Sans aucun doute l’un des points faibles de l’Afrique francophone face à sa sœur anglophone, les pays francophones pèsent 19% du produit intérieur brut moyen de l’Afrique subsaharienne, quand les anglophones en représentent 47% (hors Afrique du Sud).

À titre d’illustration, la BRVM, qui regroupe pourtant les huit pays de l’Union économique et monétaire ouest-africaine (UEMOA), compte 80 transactions par jour pour une valeur qui atteint à peine le million de dollars par jour (environ 765.000 euros). Par contre, côté anglophone, en nombre de transaction par jour, on en recense 150 à Accra et près de 3000 à Nairobi et 217 sociétés cotées à Lagos.

La langue

Doit-on supprimer le français au profit de l’anglais dans les pays africains francophones ? Le Rwanda a fait déjà le pas, en supprimant le français comme langue d’enseignement. Le Sénégal et le Gabon envisageraient le faire aussi. Cela devra, semble-t-il,  leur permettre d’être plus compétitif et pourrait accélérer le développement des pays africains francophones.

Comparatif linguistique des sites sur internet

Pour conclure, il est bon de noter que même sur Internet, lorsqu’on prend 634 millions de sites Web, 54% du contenu est en anglais et seulement 4% en français. Le français est assez marginal sur le web.
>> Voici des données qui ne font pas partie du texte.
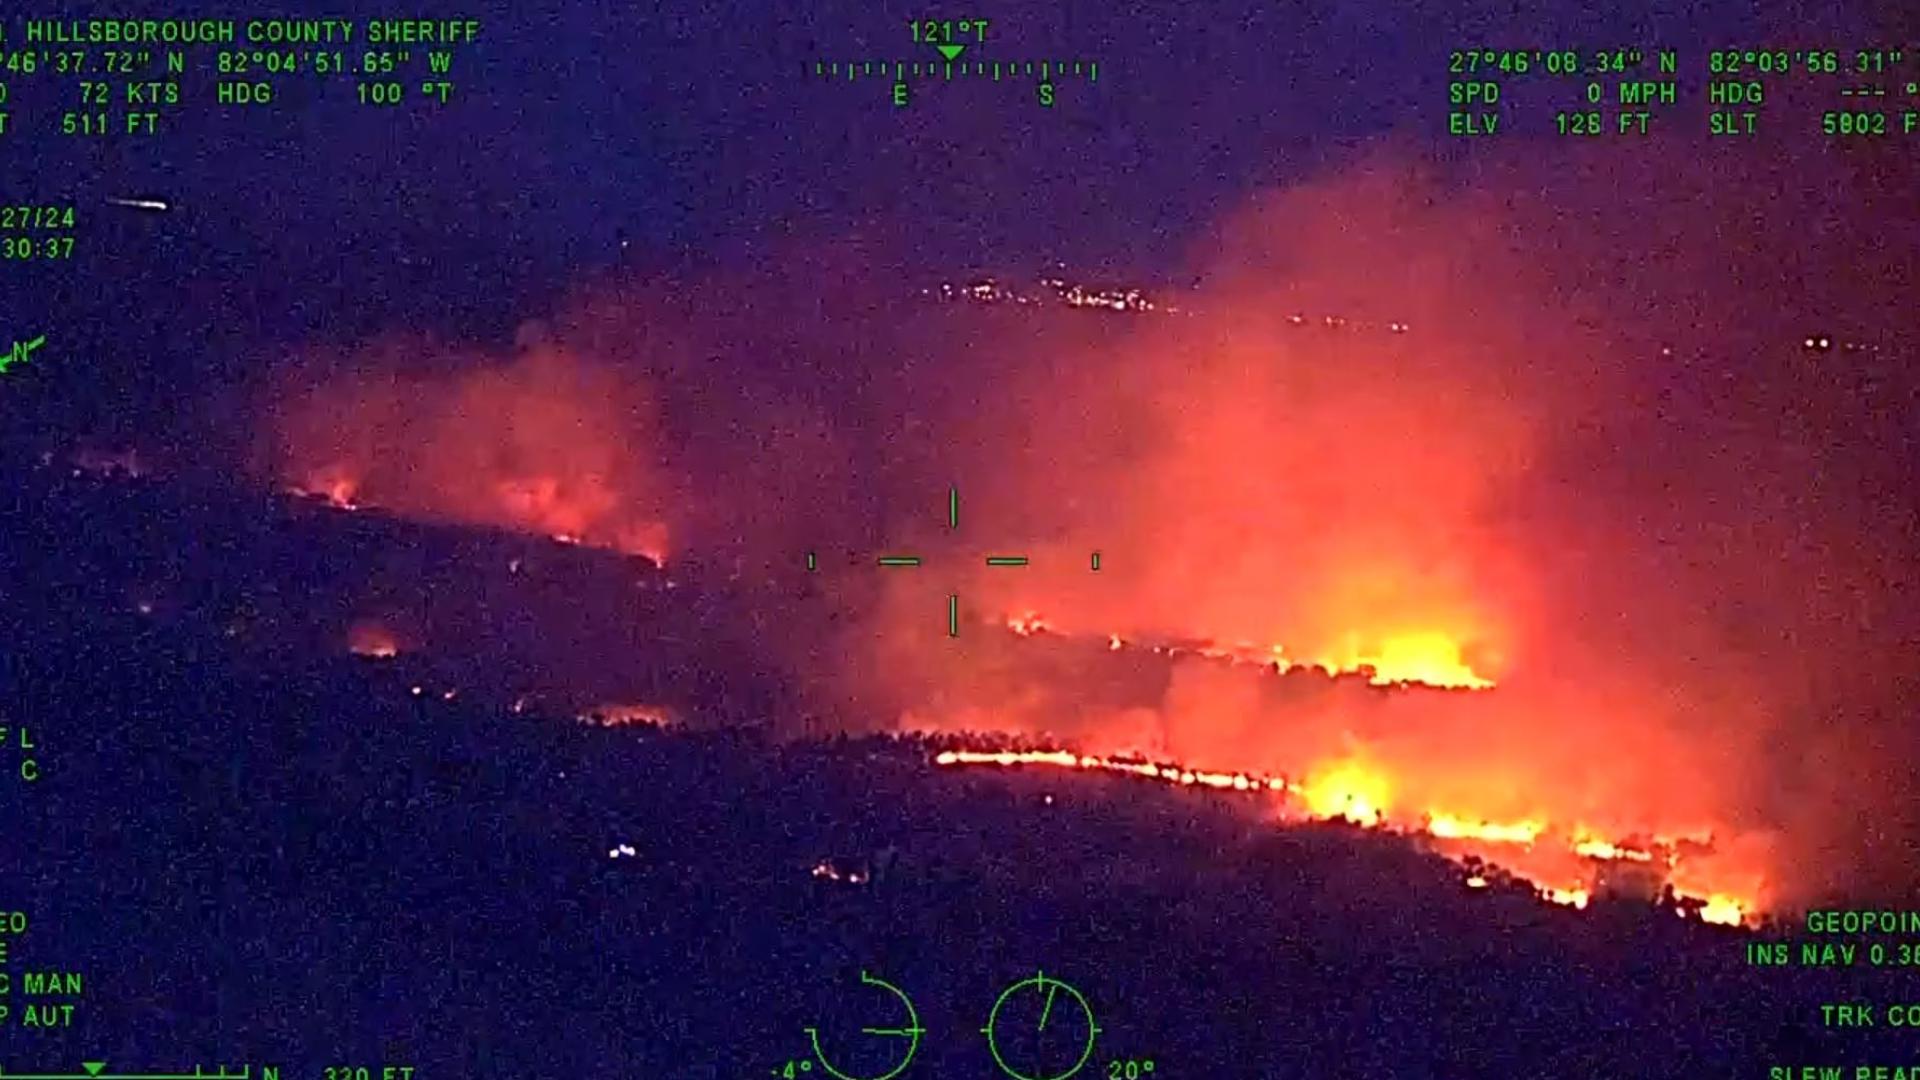 Video from a Hillsborough County Sheriff’s Office aerial unit Saturday night shows the orange flames of a brush fire near the Alafia River State Park.

Cette réalité se reflète ainsi donc en Afrique, ce qui forcément impacte la nouvelle économie numérique qui y prend de l’ampleur ces dernières années.

Le classement Forbes des millionnaires du net africain

Abasiama Idaresit (Nigéria) est le fondateur et directeur exécutif de Wild Fusion, une agence de marketing numérique. Créé en 2010, cette entreprise présente au Nigéria, au Ghana et au Kenya, a enregistré un chiffre d’affaires de 6 millions de dollars en 2012.

Adii Pienaar (Afrique du Sud) dirige Woothemes, une société spécialisée dans la production de thèmes et de plugins pour les plateformes WordPress et Tumblr. Woothemes affiche des revenus annuels supérieurs à 3 millions de dollars.

Ayisi Makatiani (Kenya) a créé Africa Online, l’un des premiers fournisseurs de services internet du continent, en 1994. Il dirige désormais Fanisi Venture Capital Fund, un fonds d’investissement doté de 50 millions de dollars qui finance des projets en Afrique de l’Est. Gary Levitt (Afrique du Sud) est le fondateur et actionnaire principal de Mad Mimi, un service de mailing créé en 2008. Avec près de 150 000 utilisateurs professionnels et 1 milliard de messages par mois envoyés, elle enregistre 6 millions de dollars de revenus annuels.

Herman Heunis (Namibie) est le fondateur de MXit, le plus important réseau social et le premier service de messagerie instantanée en Afrique. MXit, qui compte près de 10 millions d’utilisateurs réguliers, a été cédé en 2011 au fonds d’investissement sud-africain World Of Avatar pour plus de 50 millions de dollars.

Jason Njoku (Nigeria) est le fondateur d’iRokoTV, le plus important distributeur de films nigérians au monde. IrokoTV permet à ses abonner d’accéder en ligne aux nouveaux films nigérians et ghanéens pour un abonnement mensuel de 5 dollars. L’entreprise, qui compte plus de 500 000 abonnés, a pu lever près de 12 millions de dollars auprès d’investisseurs privés. Justin Clarke (Afrique du Sud) & Carey Eaton (Kenya) sont les cofondateurs et principaux actionnaires de One Africa Media (OAM). Évalué à 80 millions de dollars, OAM est le plus important fournisseur africain de petites annonces en ligne à travers plusieurs sites spécialisés. Njeri Rionge (Kenya) a fait fortune en co-fondant Wananchi Online, l’un des principaux fournisseurs de services internet et de téléphonie en ligne, en Afrique de l’Est. En 2011, l’entreprise a cédé 50% de ses parts au groupe américain Emerging Capital Partners (ECP) pour 26 millions de dollars.

Ronnie Apteker (Afrique du Sud) a fondé Internet Solutions, le premier fournisseur de service internet d’Afrique du Sud, en 1993. Après avoir revendu, quatre ans plus tard, son entreprise pour un montant de 65 millions de dollars, Ronnie Apteker, continue d’investir dans de nombreuses entreprises en ligne et a également participé à la production et à l’écriture d’une dizaine de films.